You may also read the earlier articles on Osian:
 
 
 
 
 
 
Comments
Bosco Menezes
1 decade ago
Thanks for the article link, VSwami
Rajendra M Ganatra
1 decade ago
I am not surprised at this otherwise surprising gaffe from SEBI. Organisational culture often trickles down from the top. Trickle down effect from at least one SEBI name mentioned in the note could only lead to this muck!
vswami
1 decade ago
OFFHAND
In a manner of critical viewing, the point of concern / bone of contention of a reader in his comment herein, as read and understood, rightly so, may be noted to be in -line /on the same wave length as of the posted comment @ http://feedproxy.google.com/~r/IndianCor... (SEBI’s order levying record penalty – some concerns) – also shared on Facebook.
A repeat instance of lack of proper vision. blatantly wanting wisdom in the proverbial "bark(ing) up the wrong tree", so to say the least.

Bosco Menezes
1 decade ago
The Unitholders were in no way involved with the running of the fund. The people running the fund were supposed to be the experts, who understood how the Art Market functioned.

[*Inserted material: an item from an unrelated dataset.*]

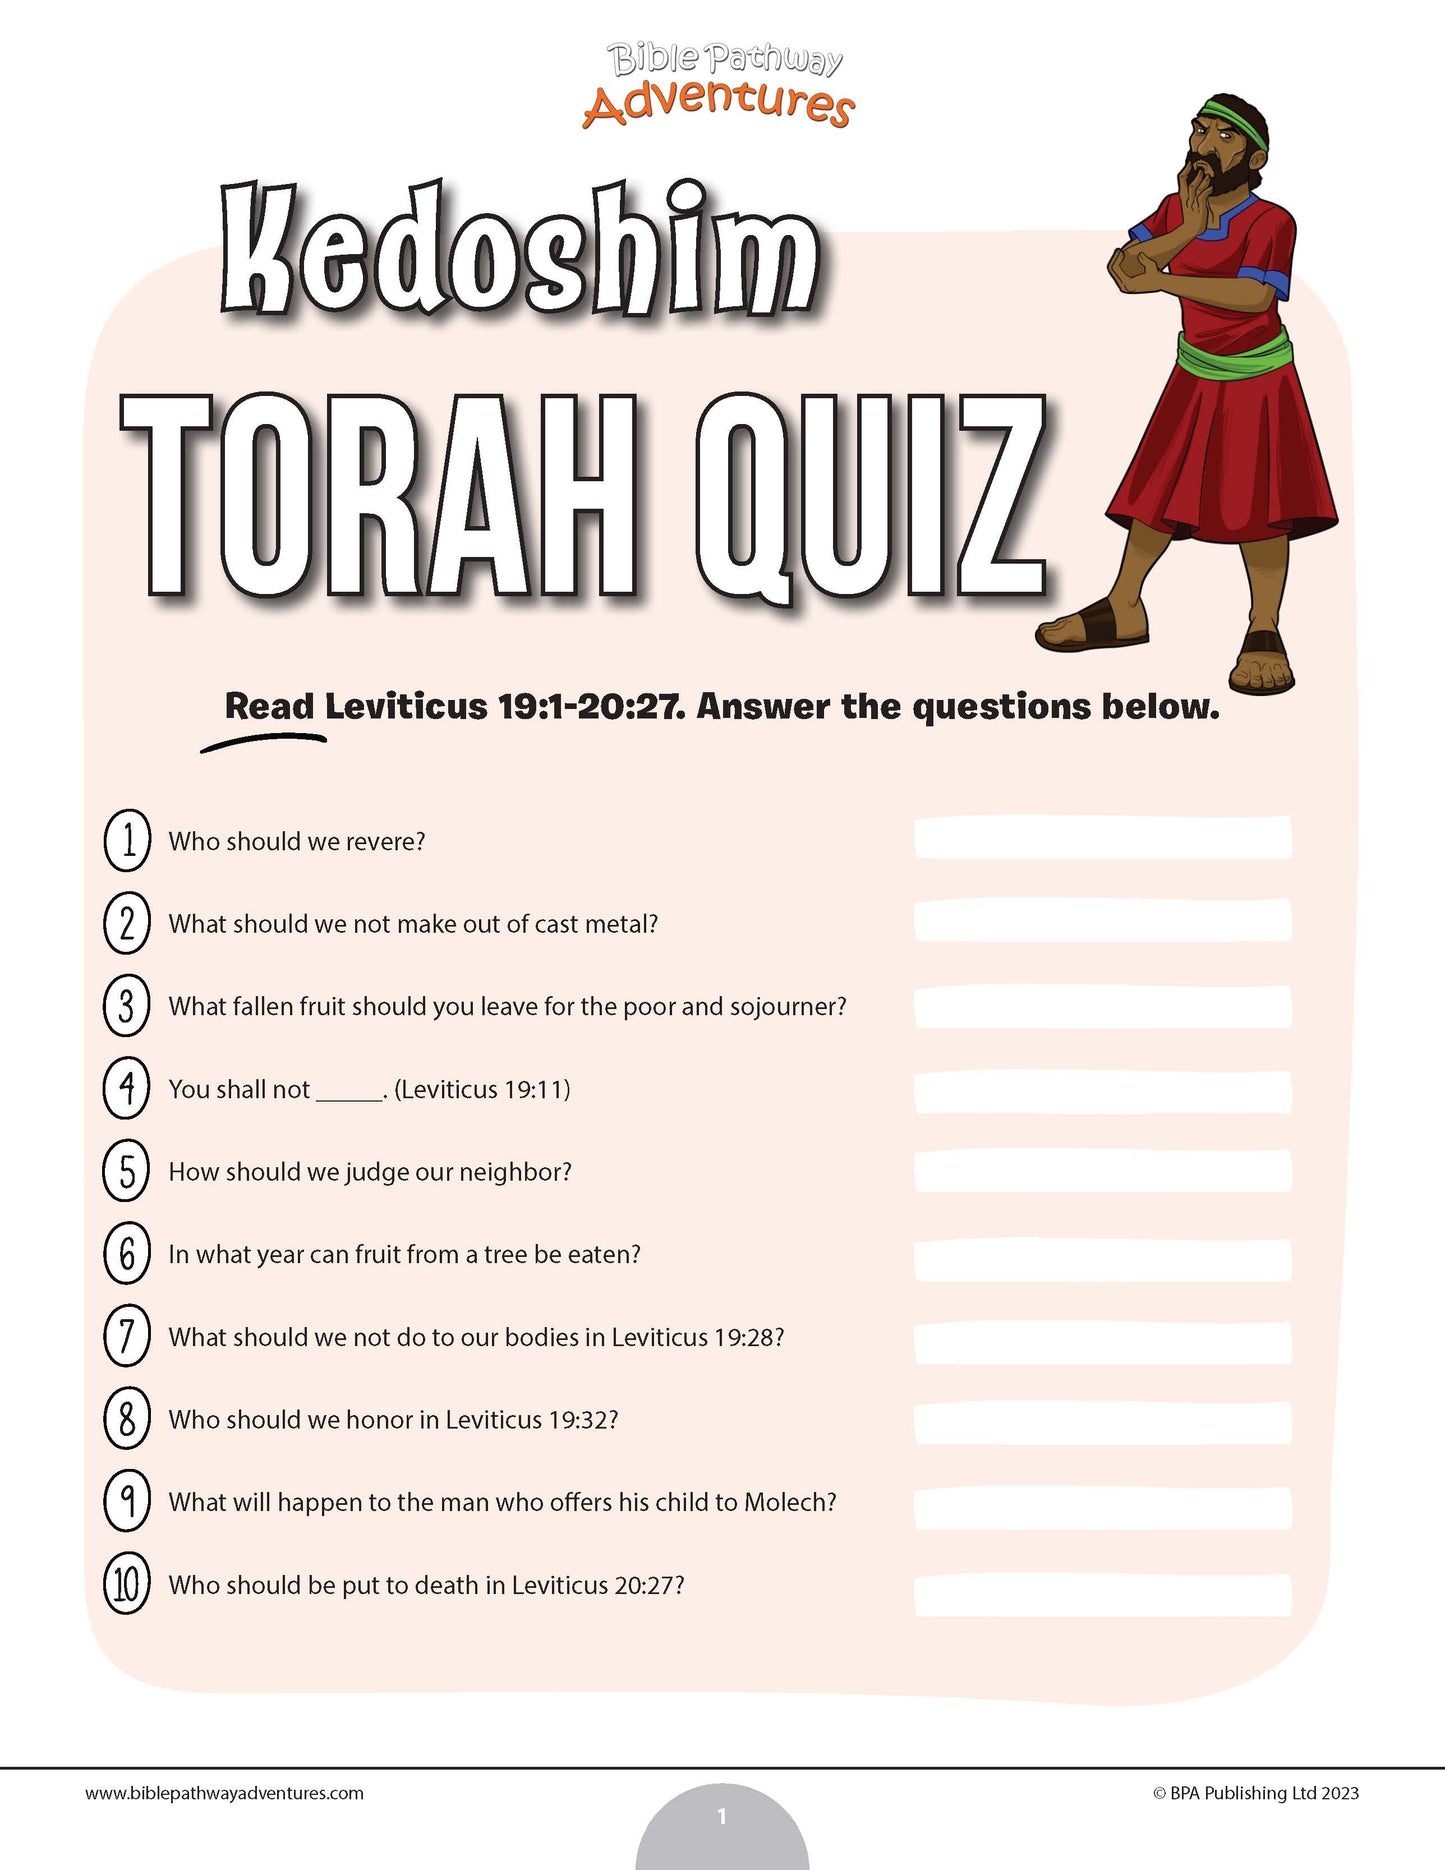 Kedoshim Torah quiz

The Final NAV was thus declared by the Osians Art Fund without any involvement or input or pressure from or consultation with the unitholders. It was solely decided by the Trustees & Unitholders had no say in it. If they had declared a negative Final NAV, unitholders would have been very disappointed no doubt, but would have had no alternative but to accept the same, as returns were not assured.
But after the fund declared the Final NAV entirely at their discretion, to not then pay it out to the unitholders is quite unforgivable.
I have heard some talk about buyers of the Art reneging on their commitments. To this I can only say that it is for these experts who were running the fund to have known that it was conceivable that buyers of the Art might renege on their agreements, and if so, they could have withheld the declaration of the Final NAV till all payments were received. They , in all their wisdom & expertise declared the Final NAV, it is their responsibility therefore to see that the NAV is paid to the unitholders (with some interest for the delay).
Vaibhav Dhoka
1 decade ago
SEBI Chairman are bureaucrats and they function in typical style as seen in all three bosses tenure.They have nothing to loose.It is investor who is always on receiving end.SEBI and both exchanges should give details of individual complaint and their settlement ration month wise.Then one can judge SEBI's actions.The general belief is ordinary investor never gets relief from SEBI and stock exchanges.